| Wow, thanks for the help ..... could I assume you are not a | proffesional electrical engineer being three was no actual help in your | reply?
There's a lot of stuff I can figure out with electrical systems. But when it comes to something beyond my education and knowledge, then I hire a professional or specify to my clients what needs to be handled by someone else (engineer, electrician, etc). I do computer systems, not motors. Usually I'm not dealing much with the power. But when it gets to be a big setup (e.g. 2000+ computers), power is not a trivial issue, nor is A/C. Been there, done that. I'm certainly not about to stick my neck out on electrical power systems.
For fun and theory, I do ask (often quite off the wall) questions here. I like to debate "what would have been" scenarios, and make plans for my house wiring and high current toys.

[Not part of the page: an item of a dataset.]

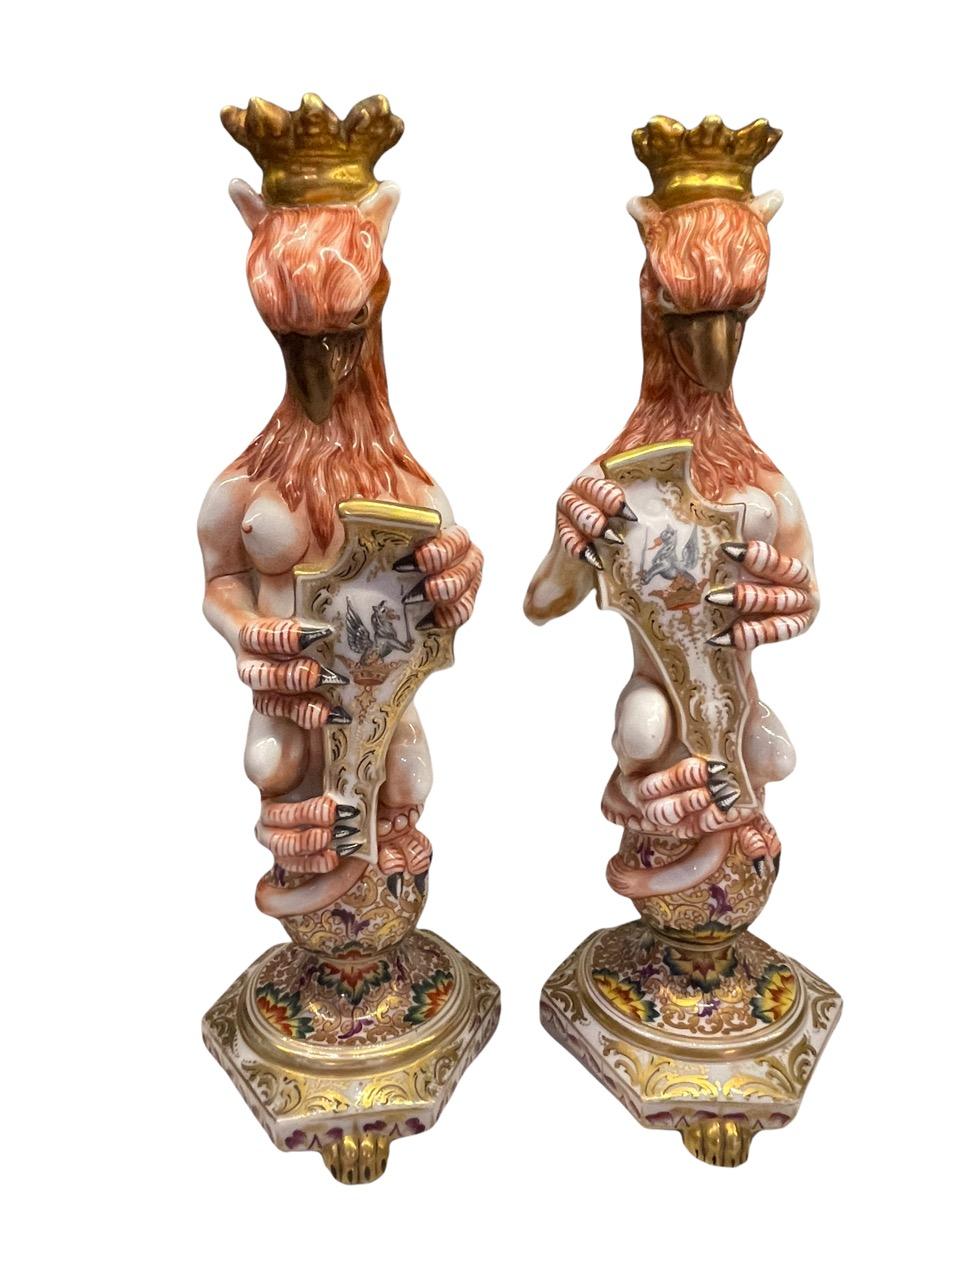 Capodimonte 19th Century Italian opposing pair of majolica crowned and winged griffon figures. Both are signed on the bottom base with the signature used from 1771 - 1834. Each featured grasping a shield with painted griffin motifs, and meticulously

But when it comes to wiring up data centers, I just make specifications about the power and cooling needed ... with knowledge about the code so I can understand complications that might happen and head them off before they do ... and let someone who has the experience, licensing, and bonding, deal with those things in the end. I'm not an electrician. I could wire my entire house, but I can't even replace a receptacle legally at work in most jurisidictions.
If your motor is a toy (and BIG motors could be fun toys for people into motors), getting help here seems reasonable. For work stuff, hiring a professional when you are out of your league _is_ _the_ correct advice. If you or your business doesn't have the money to do it, then maybe you shouldn't even be doing this project.